Despite the comparative lack of cancer resulting from stem cell therapies,
there is still every reason to expect that caution should attend the
development of any therapy that spurs greater regeneration in old tissues. The
cells in those tissues have a higher load of nuclear DNA damage, and thus a
greater cancer risk attends their activity. Yet in practice it isn't working
out to be as great a risk as expected, or at least not so far based on the
data gathered to date. Why this is the case is an interesting question with no
solid answer at this time.

The replication limits of somatic cells depend in part on telomere shortening.
Telomeres are repeated lengths of DNA at the ends of chromosomes. A little of
that length is lost with each cell division, and very short telomeres trigger
cellular senescence or programmed cell death. In comparison stem cells retain
long telomeres, and thus the ability to continually create new daughter
somatic cells with long telomeres to deliver into the tissues they support.
This maintenance of telomere length in stem cells is achieved through the
activity of telomerase, an enzyme that adds repeated DNA sequences to the ends
of chromosomes.

Based on all of the above, it is not unreasonable to expect that more
telomerase activity in more cells would mean a greater risk of cancer. It
would mean cells being more active, and older, more damaged cells being more
active. In mice, however, this is not what happens. The risk of cancer
actually falls, even as life span is lengthened: researchers believe there is
increased stem cell activity and tissue maintenance, but not enough time in
even the extended mouse life span for the other shoe to drop and cancer risk
to catch up. A firm and comprehensive analysis of what exactly is going on
inside these mice is probably still a few years away, however.
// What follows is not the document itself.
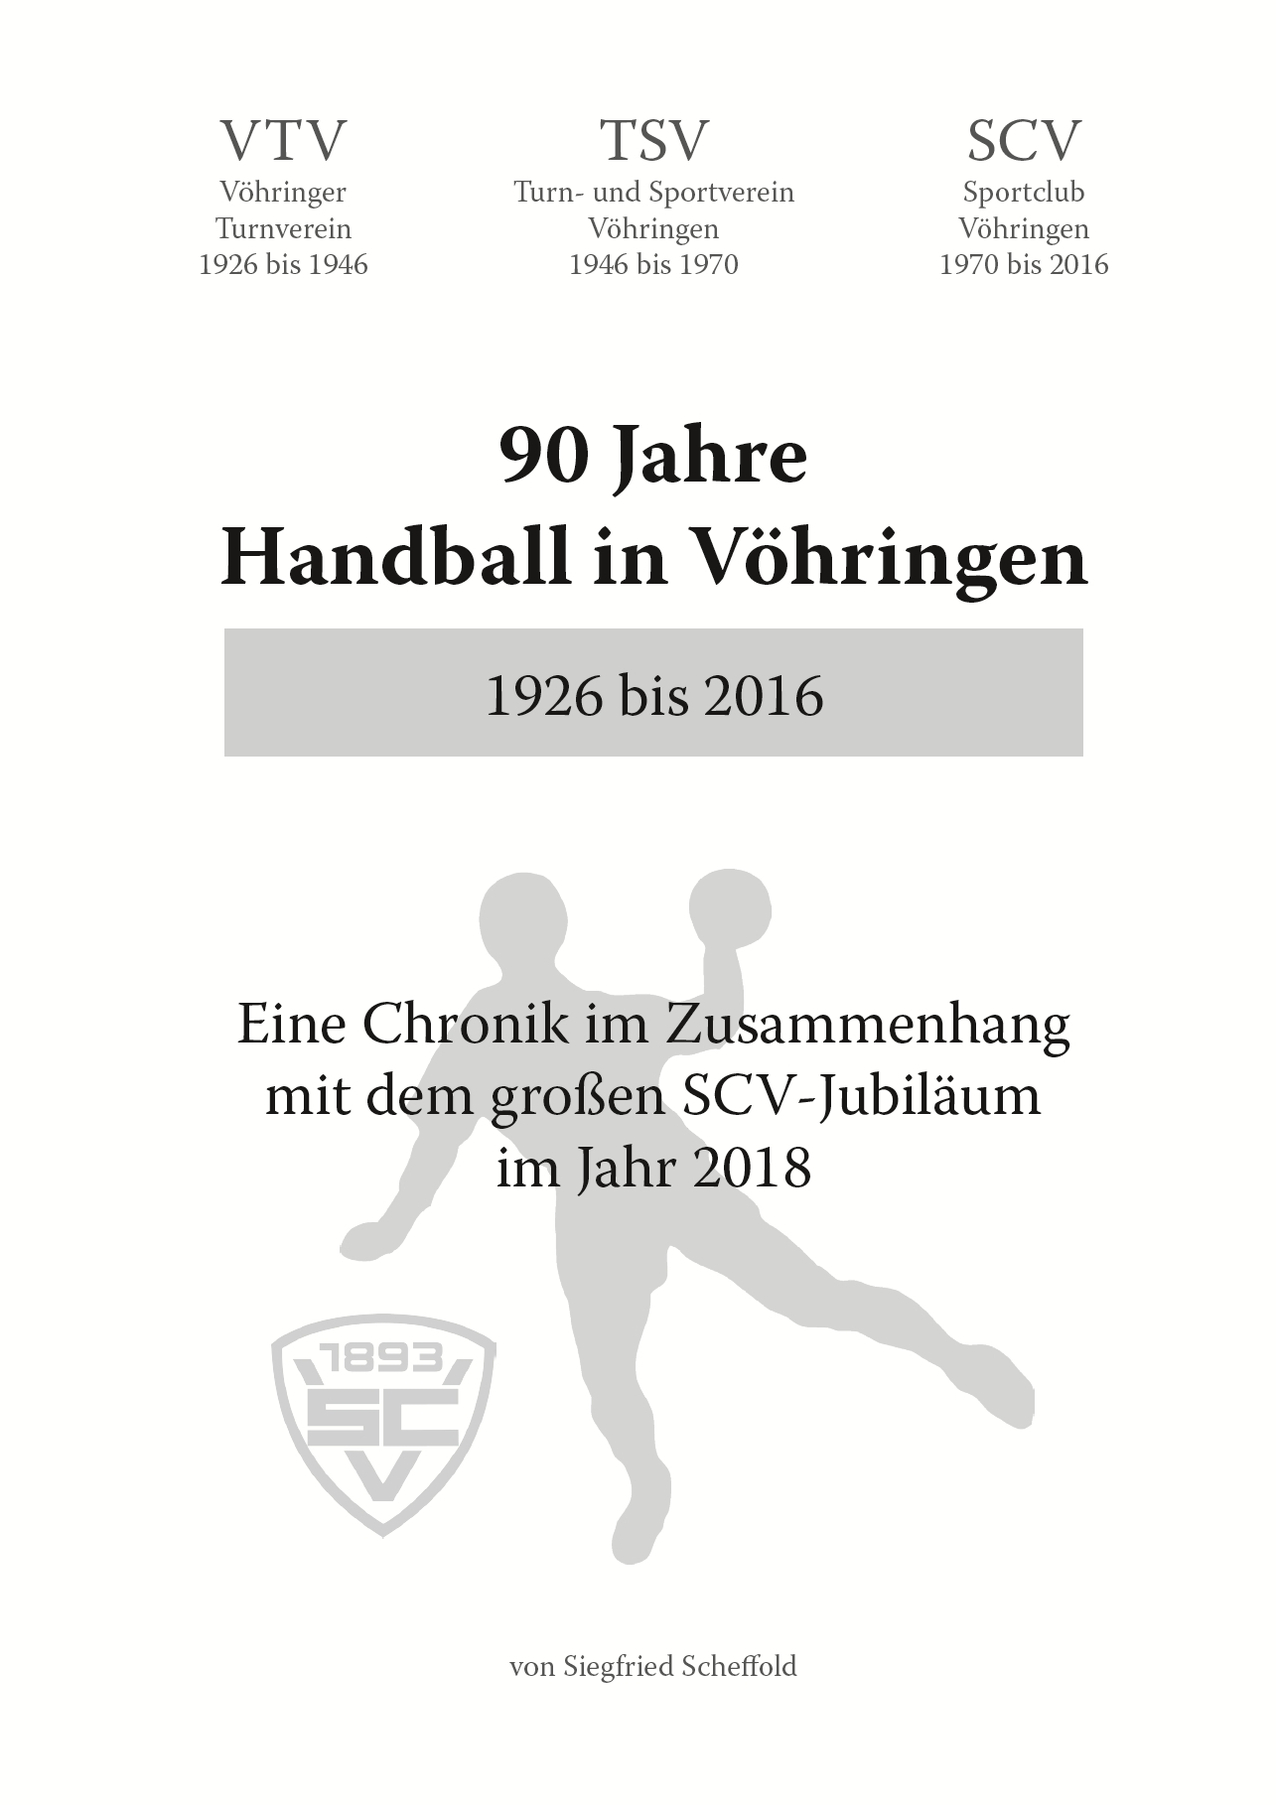 Titelblatt der Chronik zum 125-jährigen Bestehen des SC Vöhringen

Nonetheless,
the picture painted above suggests that we should be cautious about
extrapolating a beneficial balance of time and cellular activity in mice to
indicate that telomerase treatments would be similarly great for humans. The
span of time is different, our telomere biology is different, and the balance
of aging and cell activity is different.

On the other hand, the medical community seems to be doing pretty well with
stem cell treatments that are just another way of spurring increased cell
activity and tissue maintenance in old, damaged tissues. Enhanced telomerase
activity seems worthy of further investigation for all the same reasons that
stem cell therapies were worthy of clinical development. I don't see
telomerase therapies as a treatment for aging per se, however. The approach of
increased telomerase activity doesn't address the underlying issues that cause
stem cell decline, but instead forces damaged cells to get back to work by
overriding the normal reactions of an aged biochemistry. In the view of aging
as accumulated cellular damage, stem cell failure with age is an evolved
reaction to an increasingly damaged tissue environment. The best way forward
is to repair that environment, not override the signals. As first generation
stem cell treatments have shown, however, it is possible to achieve beneficial
results by taking this path, even while failing to address the root causes of
aging. Benefits are good, but we shouldn't let them distract us from the end
goal.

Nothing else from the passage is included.